This thread has been locked.

If you have a related question, please click the "Ask a related question" button in the top right corner. The newly created question will be automatically linked to this question.

CCS: TDA4x: Layer dumps size issue

Tool/software: Code Composer Studio

Dear Sir,

Observation: For TDA2x:

Resolution is 512x512x3

Layer dump: 0(Data layer)trace_dump_0_512x512.zip

Size: 512x512x3 = 786432 bytes

Layer 0 visualized through YUView is below:

Observation: For TDA4x:

Resolution is 512x512x3

Layer dump: 0(Data layer)caffe_tidl_infer_msi_mobilenet_pd.txt_0000_00003_00512x00512.zip

Size: 512x512x3 (x2)extra is observed = 1572864 bytes

Layer 0 visualized  through YUView is below:

For TDA4x: 

Why the layer dumps has the double size of the input(512x512x3)?

How to confirm that input to the model is correct?

Kindly do the needful.

Thanks and Regards,

Vyom Mishra

  • Is the featureParamBits set to 16? that might lead to double buffer size for a tensor.

    Let me have a look at the files you have sent and get back to you

  • Dear Sir,

    As per the experiment,

    "numfeaturebits"  and "numparambits" is not affecting the size of the Data Layer dump(.y).

    It is constant as 512x512x3 (x2)extra.

    Thanks and Regards,

    Vyom Mishra

  • Gentle Reminder!

  • Vyom Mishra,

    I am attaching an image. Can you verify that this is your intended output? With the black pads in the top and bottom rows?

    This is a 512 x 512 image with size = 786432 bytes and it is derived from the file that you attached.
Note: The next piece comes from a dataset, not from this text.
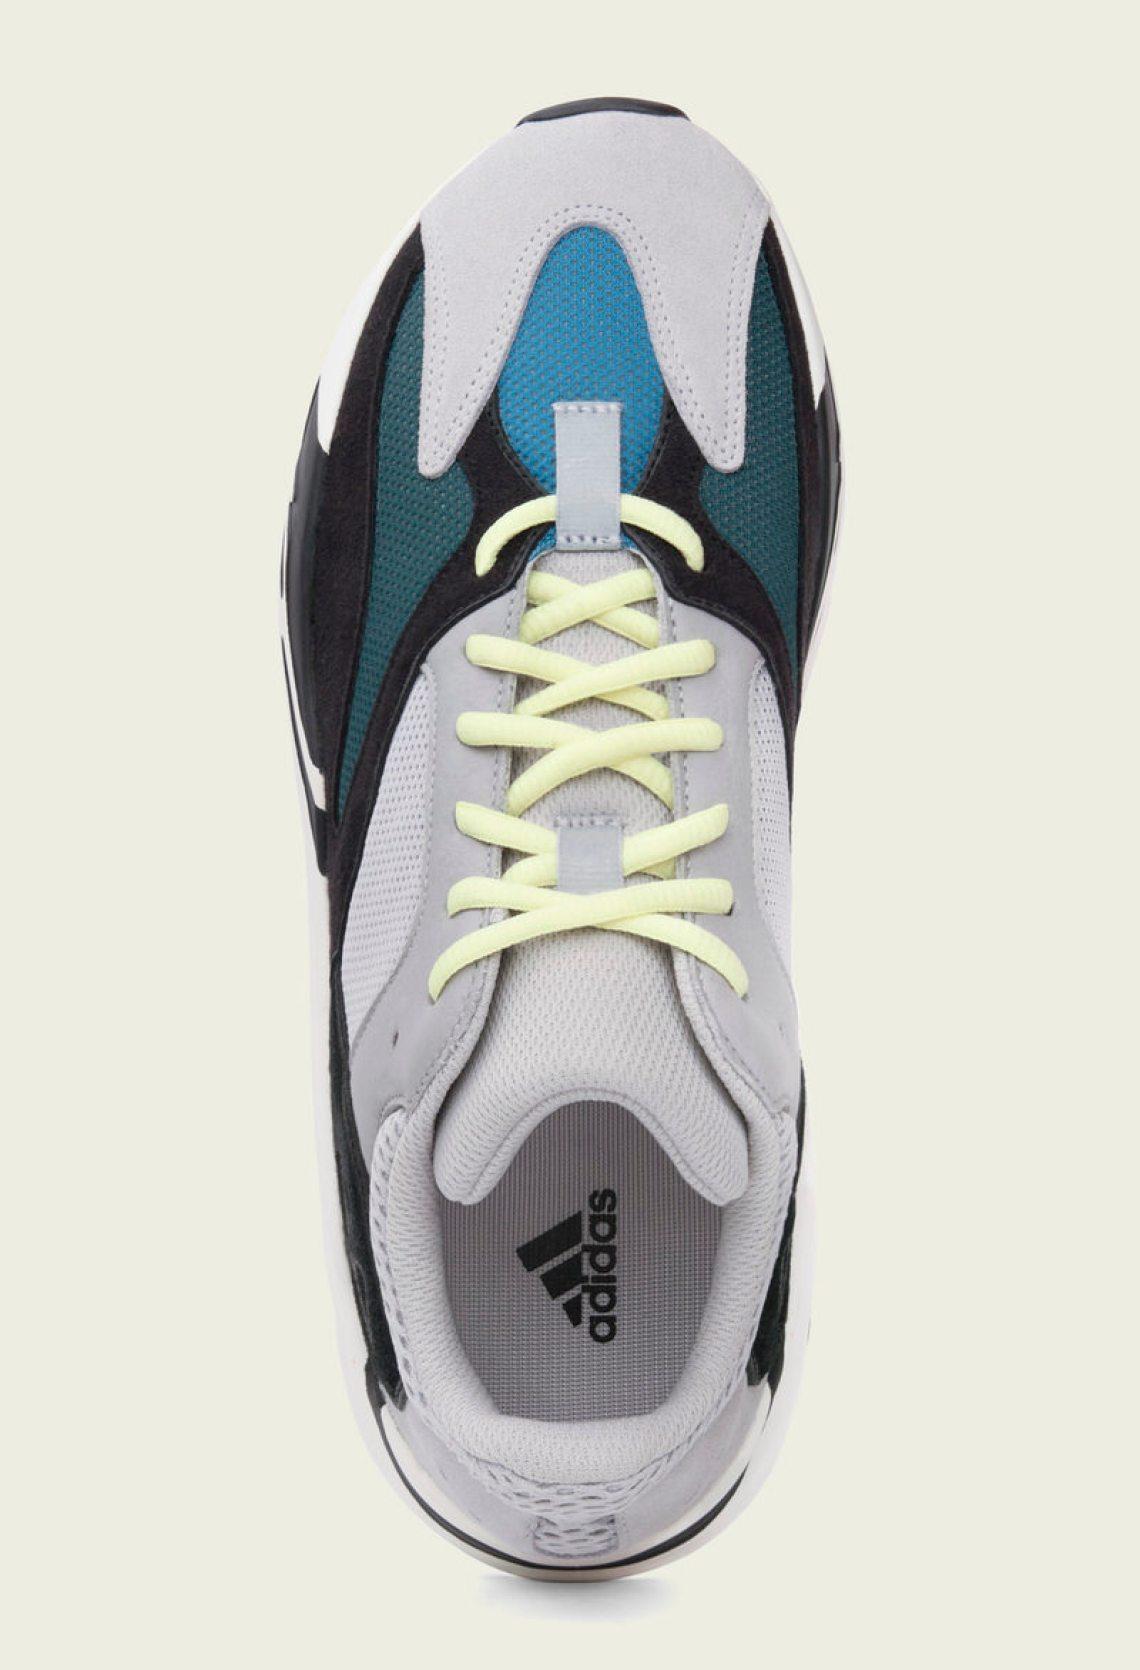 a360aa5b383 adidas Yeezy Boost 700 OG adidas Yeezy Boost 700 OG

    In your file, each feature is 16 bits wide, and I had to run the following code to get the correct image

    for(i = 0; i < 512 * 512; i++) {
    new_buffer[i] = ((uint16_t*)buffer)[i];
    new_buffer[512 * 512 + i] = ((uint16_t *)buffer)[512 * 512 + i];
    new_buffer[512 * 512 * 2 + i] = ((uint16_t *)buffer)[512 * 512 * 2 + i];
    }

    https://e2e.ti.com/cfs-file/__key/communityserver-discussions-components-files/81/caffe_5F00_tidl_5F00_infer_5F00_msi_5F00_mobilenet_5F00_pd.txt_5F00_0000_5F00_00003_5F00_00512x00512_2D00_modified.y

    - Subhajit

  • Dear Sir,

    Now the image visualized is correct with black pads in the top and bottom rows.

    Can you please let us know where these changes have to be updated to get the correct trace dumps output so that we can do the layer-by-layer matching.

    I have several queries regarding the same,

    With ref. to https://e2e.ti.com/support/processors/f/791/t/876743#pi320966=2 post (Parallel query running for the same Padded model)

    we are getting some detections, some are missed but no FP's with below configuration:

    numparambits = numfeaturebits = 8 and quantizationstyle =3

    but by increasing the above parameters to 12/16 we are getting detections with FP's.

    Is this increase in the above parameters(from 8 to 12/16) can be a reason for the FP's?

    How to tackle this FP's issue?

    Kindly do the needful.

    Thanks and Regards,

    Vyom Mishra

  • Vyom Mishra,

    Can you share your import and infer config files.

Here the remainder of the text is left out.